On every flight I’ve taken, I’ve sat through the little demo with the life jacket under the seat, and the toggle and the light, and the whistle and what have you. Every time, the same questions come to me: do these things ever get used? Has anyone ever survived and been rescued after a plane crash, because they were wearing their life jackets?
They are good for when a plane over shoots the runway and skids into a bay or river.
For other off run way landings [controlled crashes], the pilot would typically set down on land [most flights are over land so thats what’s under the plane] rather than look for water to go down in. Also, being in water would make it harder to rescue the survivors.
The NTSB has a searchable database of crash info. I didn’t find any commercial flights that resulted in flotation device usage, but it was a bit tough to use.

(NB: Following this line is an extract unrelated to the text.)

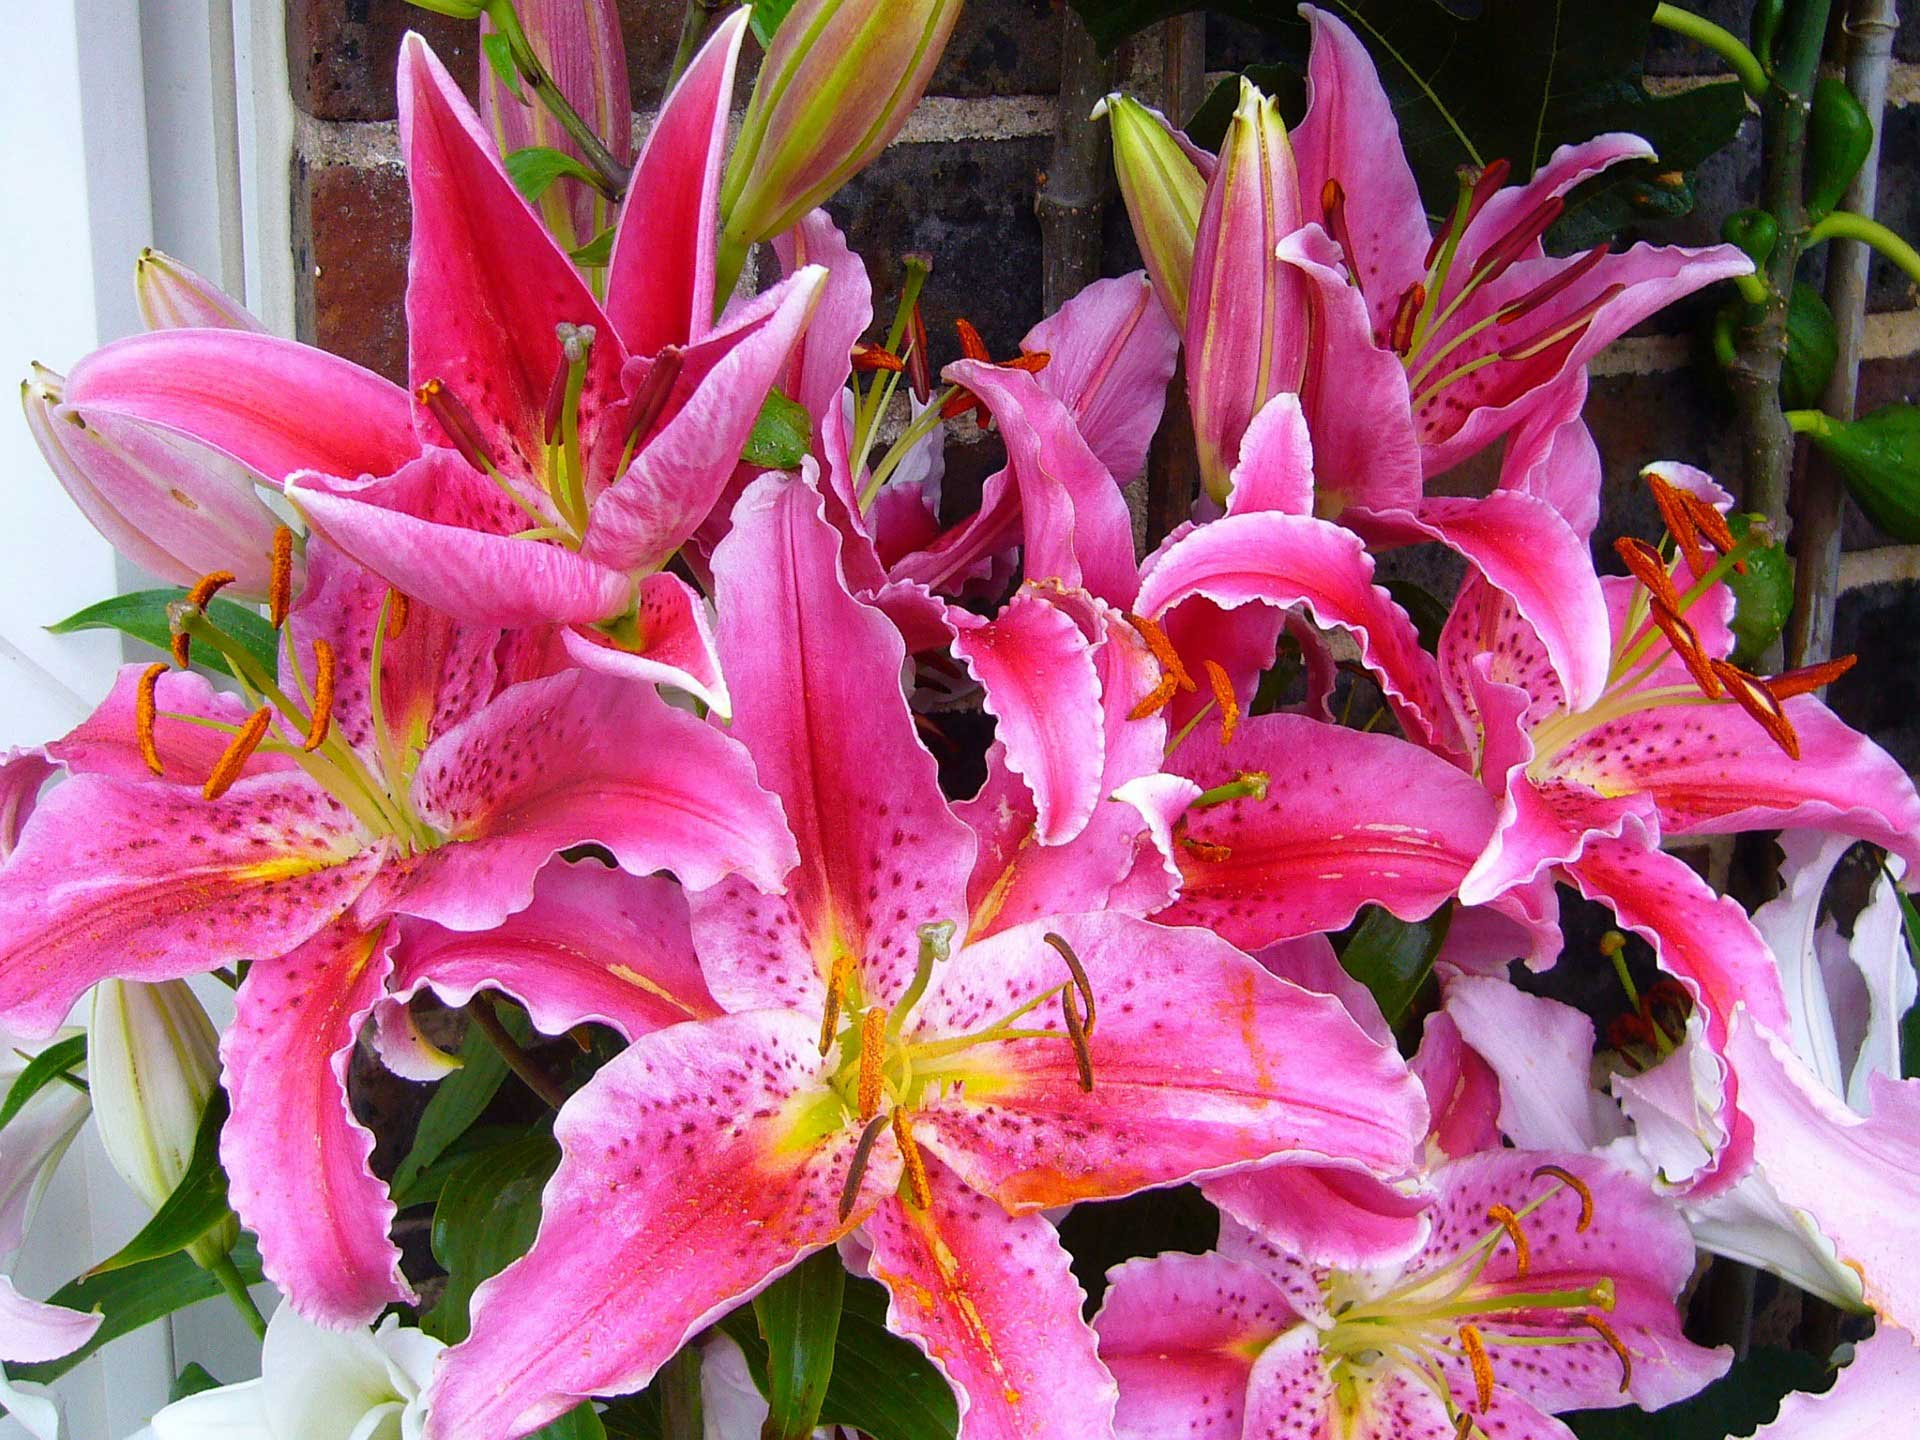 1920x1440 Stargazer Lilies Symbolizing Purity, Chastity and Virtue in Greek Mythology Learn About Nature

I did find many small plane incidents in which flotation devices were instrumental, and some in which a flotation device would have saved lives were it present.
I also recall the airliner that crashed near Africa near some island (the Seychelles?) Remember, it was hijacked and the hijacker didn’t believe there was no fuel and wanted to go to Australia. The pilot tried to ditch but a hijacker wrestled with the controls and the plane broke into three pieces. A few of the pieces were not fully submerged, but IIRC one was and some people drowned, perhaps because they were wearing flotation devices. If you blow it up in the plane, you could be trapped and unable to swim out of the wreckage.
Yeah, they do some good–they mark the crash site so the navy doesn’t have to waste as much time/money looking for the wreck :). It ain’t gonna help you if you’re on a 747 plummeting toward the Atlantic at 600 miles per hour.